«16.06.15… На сердце такая тяжесть и тоска! — Я всегда вспоминаю, что говорит наш Друг. Как часто мы не обращаем достаточного внимания на Его слова! — Он так был против твоей поездки в ставку, потому что там тебя могут заставить делать вещи, которые было бы лучше не делать. Здесь дома атмосфера гораздо здоровее, и ты более верно смотрел бы на вещи, — возвращайся скорее <…> Теперь я понимаю, почему Григ, был против твоей поездки туда. — Здесь я могла бы помочь тебе. — Боятся моего влияния <…> У меня сильная воля, я лучше других вижу их насквозь и помогаю тебе быть твердым. — Когда Он советует не делать чего-либо и Его не слушают, позднее всегда убеждаешься в своей неправоте…»
«Ты так долго отсутствуешь, а Гр. просил этого не делать! Все делается наперекор Его желаниям, и мое сердце обливается кровью от страха и тревоги».
Однако, несмотря на эти письма, в июне 1915 года Царь ни жену, ни Распутина не послушал и новых министров назначил вопреки их советам. Опытный странник не спал после этого пять ночей подряд (об этом обстоятельстве Вырубова сообщила Императрице, а та писала Государю), и было отчего.
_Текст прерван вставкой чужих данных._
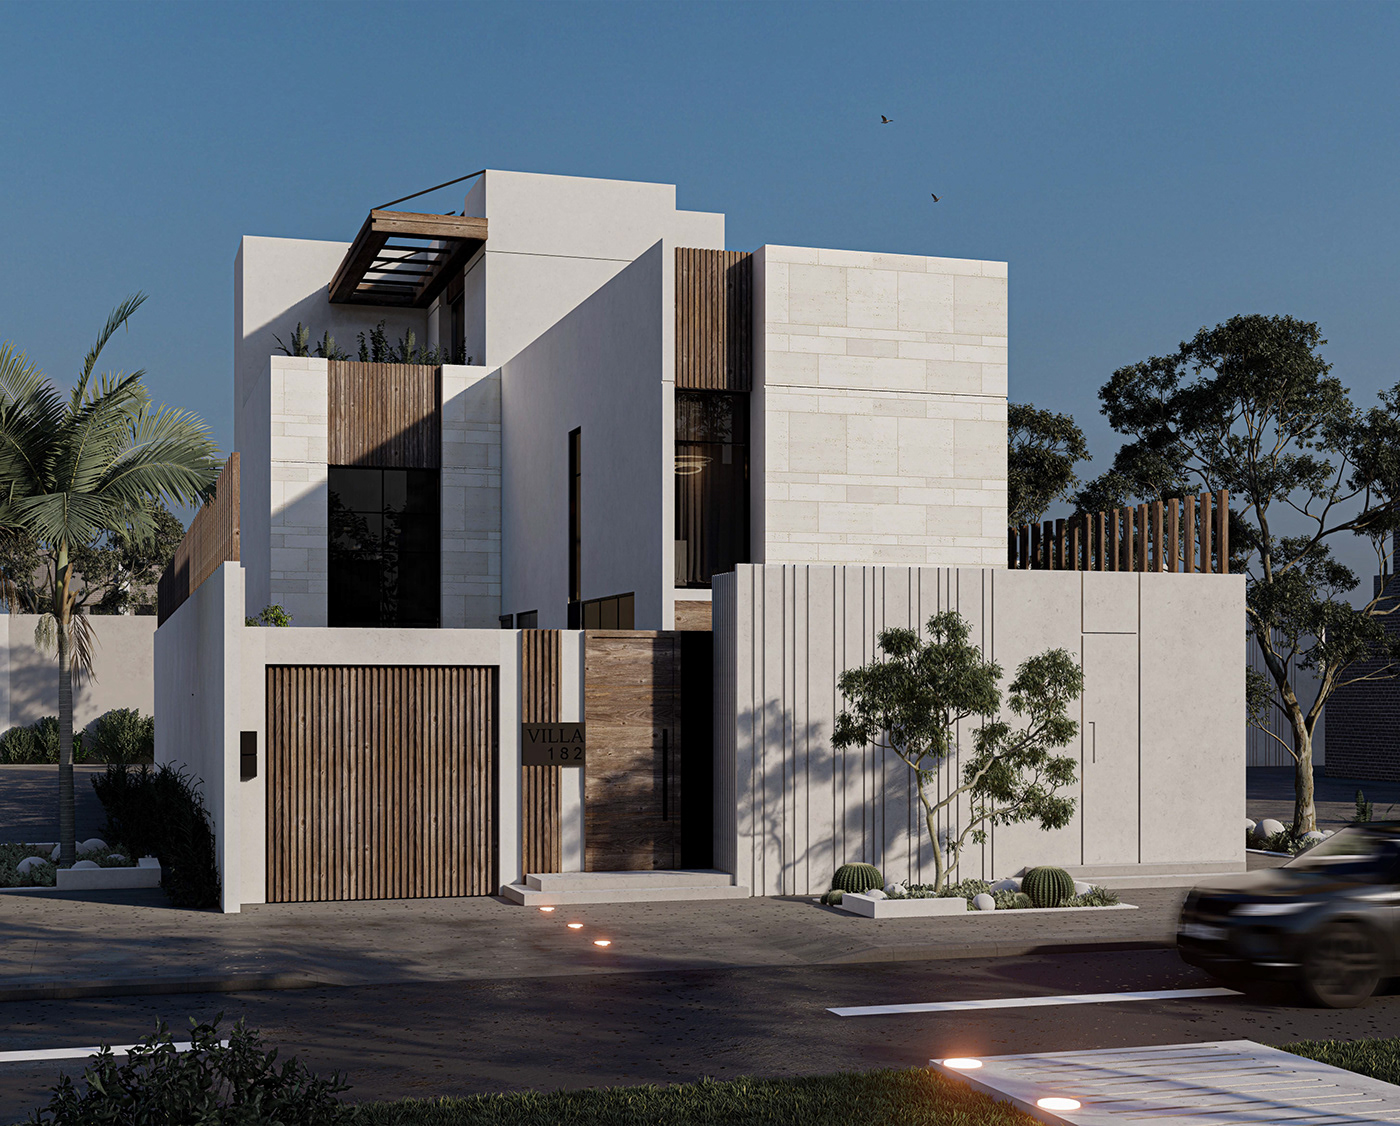 building architecture visualization Render modern exterior 3D Elevation facade design

Именно при новом министре внутренних дел была вытащена история в «Яре», о которой говорилось в предыдущей главе, но куда более опасным, чем князь Щербатов, оказался для царского друга новый обер-прокурор Святейшего правительствующего синода, сменивший В. К. Саблера, — Александр Дмитриевич Самарин.
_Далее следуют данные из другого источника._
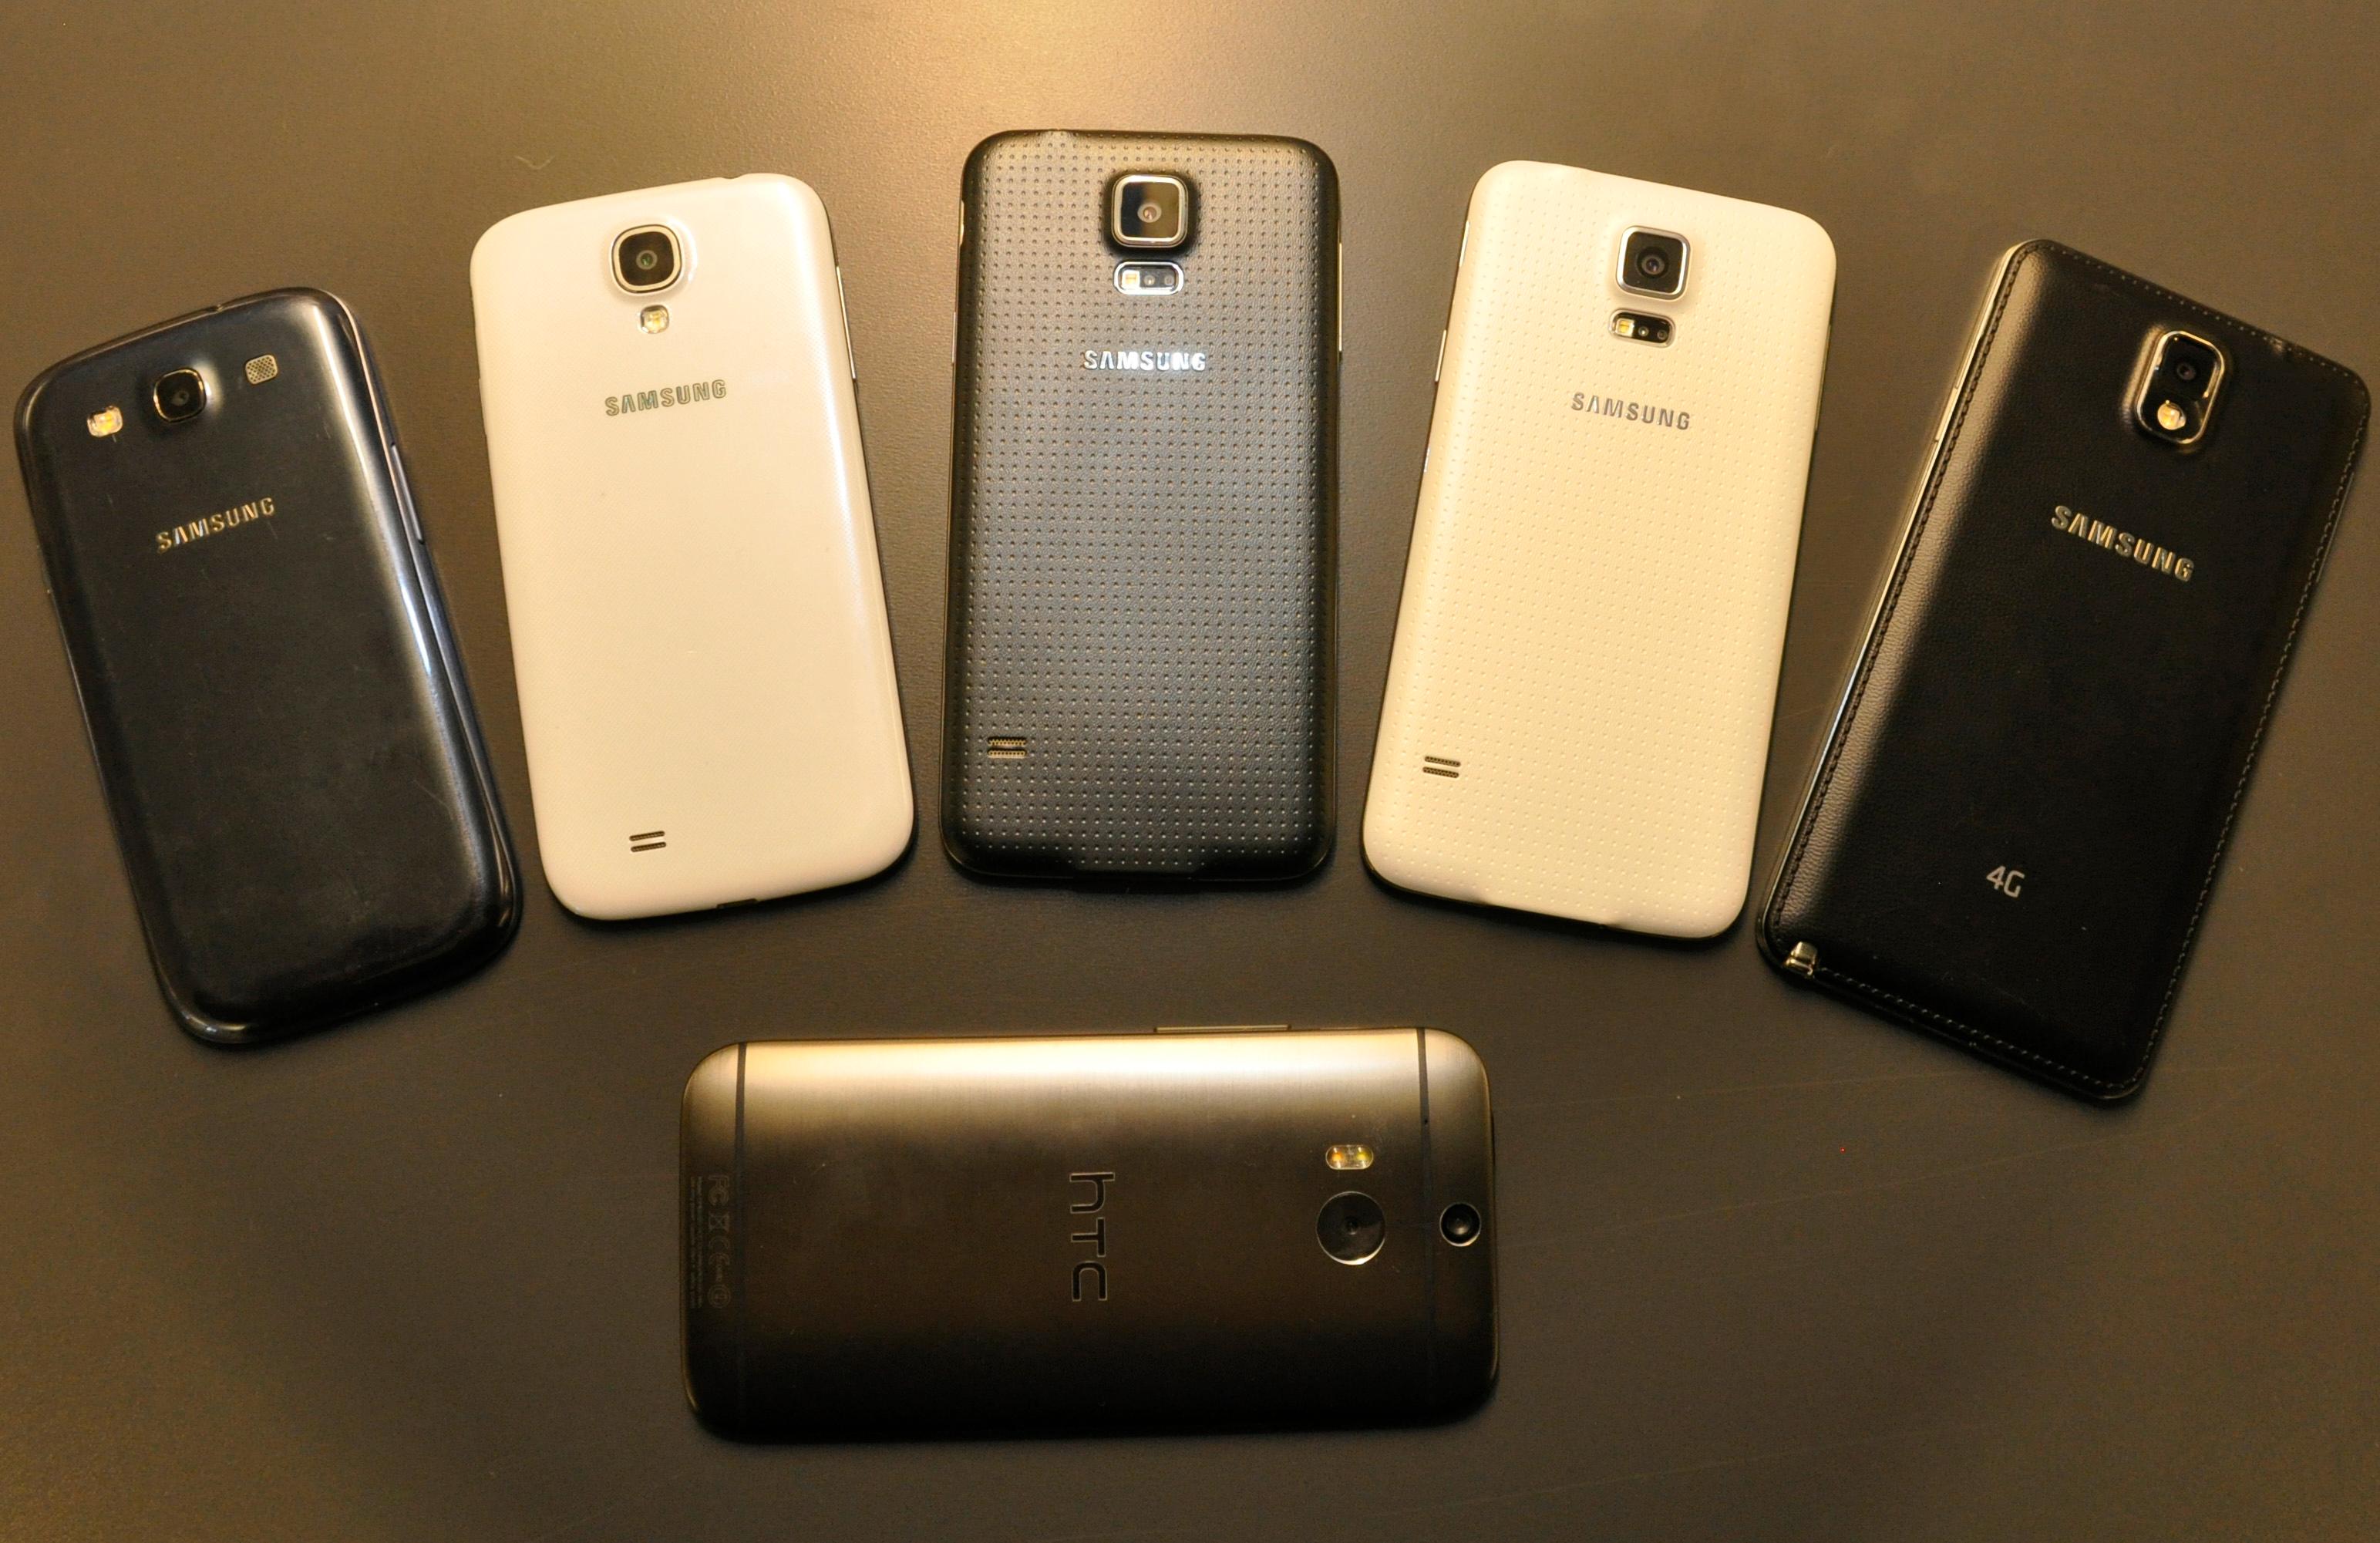 Fra venstre; Galaxy S3, Galaxy S4, Galaxy S5 i to ulike farger, og Galaxy Note 3. Nederst - utfordreren One (M8) fra HTC.Foto: Finn Jarle Kvalheim, Amobil.no

«Замечательно, как все это понимают и хотят видеть на его месте (то есть Саблера. – А. В.) чистого, благочестивого и благонамеренного человека <…> лучше всего для этого Самарин», — писал Император.
«Григ, вчера вечером в городе перед отъездом слыхал о назначении Самарина и был в полном отчаянии, так как неделю тому назад он просил тебя не торопиться с увольнением Саблера, так как скоро найдется подходящий человек», — отвечала Государыня.
И в другом письме: «Когда С<амарин> принимал эту должность, он заявлял своей партии в М., что соглашается исключительно только с целью избавиться от Гр., что он сделает все от него зависящее, чтобы в этом преуспеть».
«Прямо против Распутина вам не приходилось выступать перед Верховной властью?» — задали Щербатову лобовой вопрос на следствии в 1917 году.
«Нет. Это была, так сказать, миссия Самарина, это ему было поручено», — так же четко ответил он. И последние слова в этой фразе — «ему было поручено» — свидетельствуют о том, что за Самариным стояли могущественные силы. Объявить их масонскими значило бы либо прямо солгать, либо, что уж совсем нелепо, признать, что во главе масонского заговора стояли Великая Княгиня Елизавета Федоровна и ее православное окружение.
«…когда Александра Дмитриевича (Самарина. — А. В.) незадолго до революции назначили обер-прокурором Св. Синода, я помню, что отец пошел на телеграф (мы жили тогда на даче) и послал ему поздравление. Тогда шла глухая борьба против Распутина, против разложения правительства и церковного руководства, и назначение Александра Дмитриевича воспринималось как победа в этой борьбе», — вспоминал Сергей Фудель.
«Государь, это хорошо знаю, относился к Самарину сердечно, он его уважал, и это чувство крепло с годами, особенно оно прочно установилось после торжеств 1912 и 1913 гг., на которых Государь неоднократно публично подчеркивал свое особое внимание к Самарину, и поэтому приглашение Самарина в состав кабинета исходило лично от Его величества без всяких побочных влияний», — показывал на следствии Белецкий.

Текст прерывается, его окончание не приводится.